Comments and Suggestions for Authors

The authors have adequately addressed major concerns that have been raised in the first report and the manuscript has been significantly improved. However, there are few minor concerns that the authors should revise:

Answer: The authors thank the reviewer for his efforts to improve the quality of our manuscript. Thanks again for your positive impression of our study. All the requested modifications were considered according to the reviewer’s comments.

- regarding the newly added Mpro inhibition, the authors should present the results in triplicated and add SD/SE values (Fig10).

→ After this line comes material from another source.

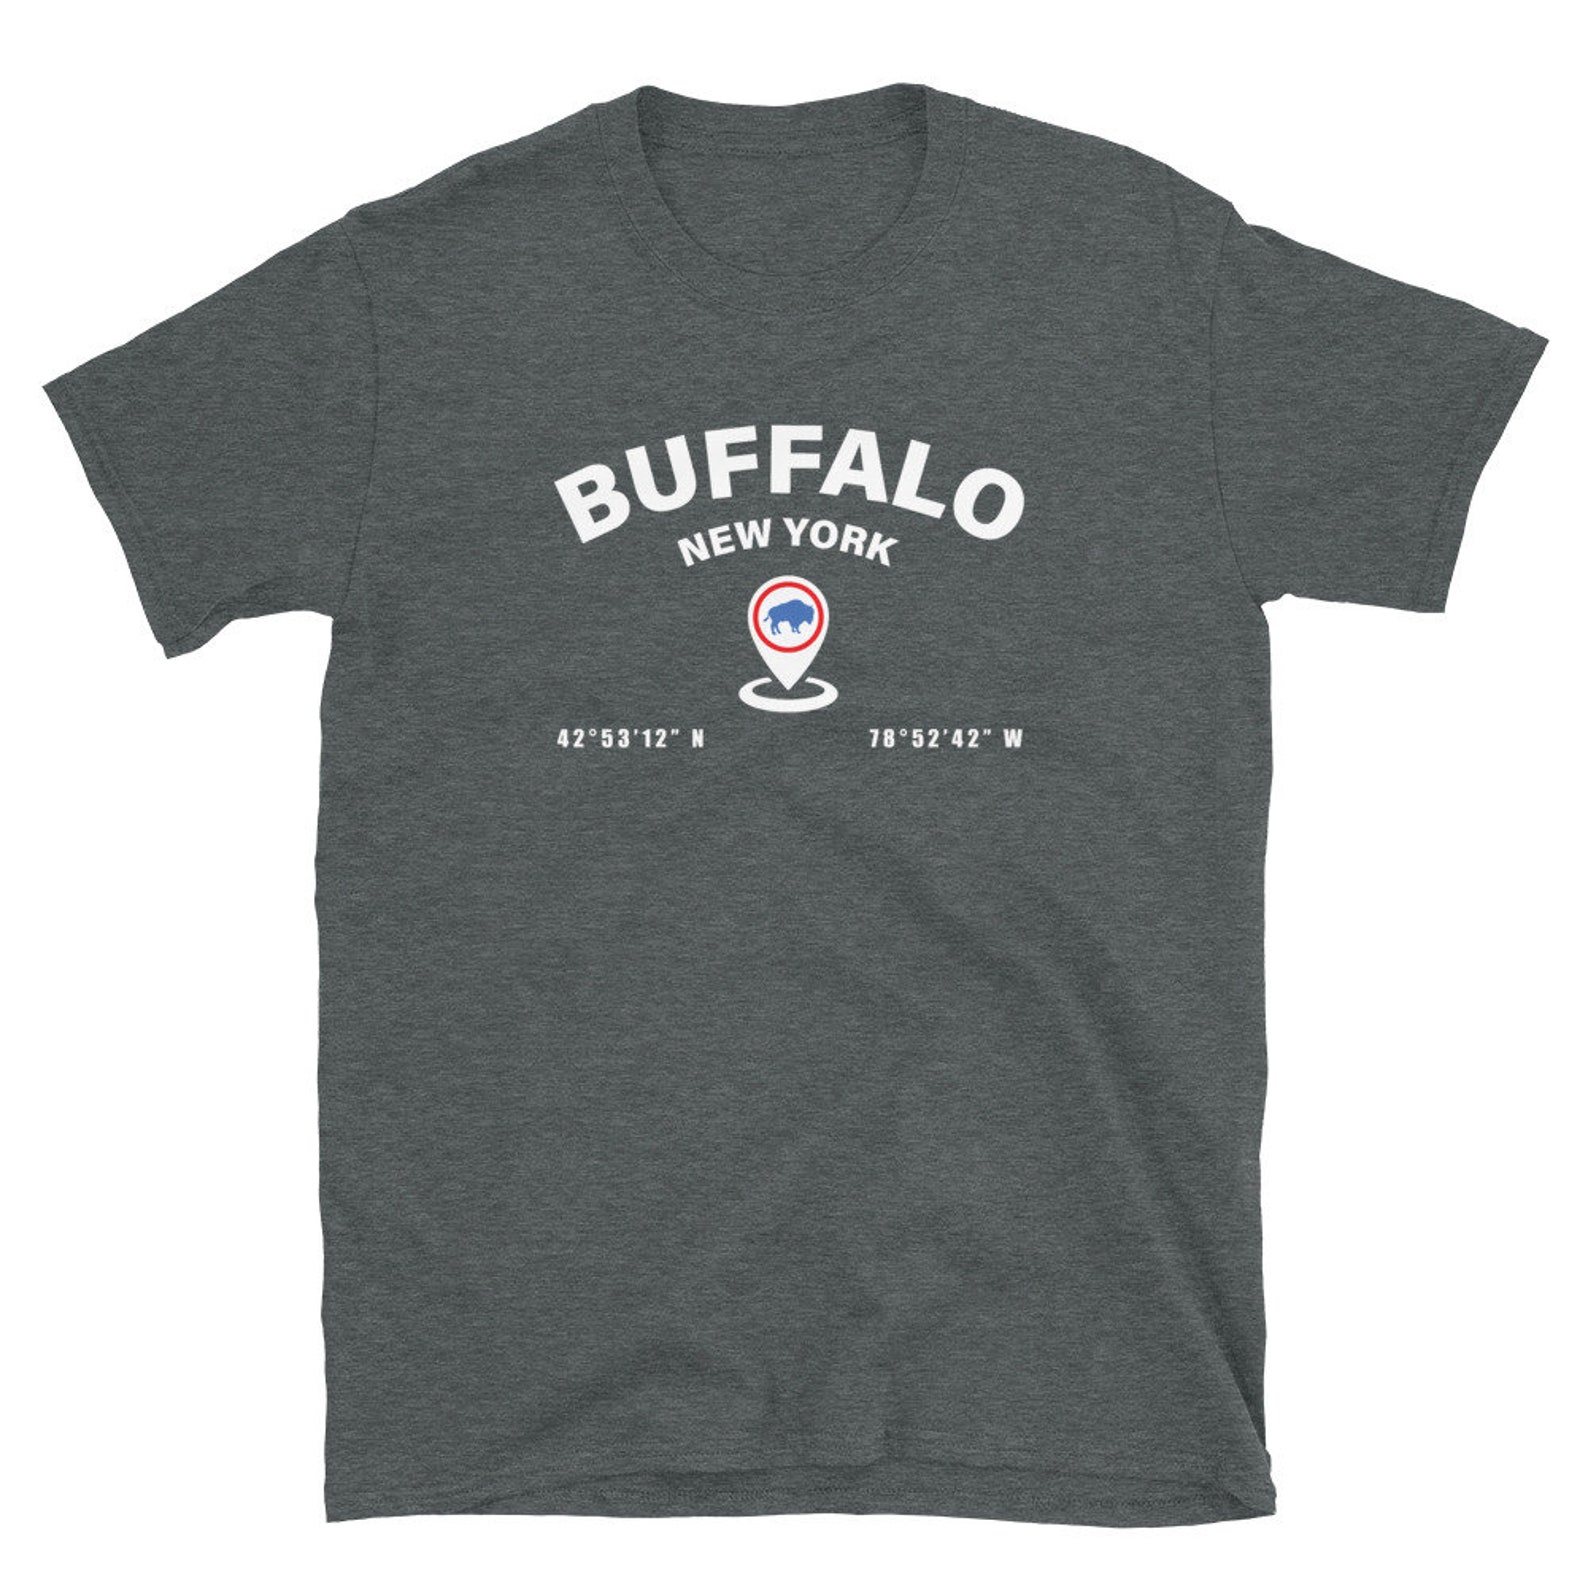 Buffalo T Shirts, Buffalo Shirts, Buffalo Clothing, Buffalo NY T Shirts ...

Answer: The authors thank the reviewer for his comment. The results of the newly added M^pro inhibitory assay were obtained already from triplicated measurements. The SD/SE values were added to Figure 10 as requested.

- this also should apply in Fig9, it seems that several spots in fig without SD.

Answer: The authors thank the reviewer for his comment. All points in Figure 9 were adjusted by SD as requested.

- the SARS-CoV-2 Mpro inhibitory assay should be detailed in the main manuscript, not in SI.

Answer: Ok, more details about the SARS-CoV-2 M^pro inhibitory assay were added as requested. However, the detailed protocol and methodology are very long and reported previously in the literature, so the authors kept them in the SI to be helpful for others. Thanks in advance.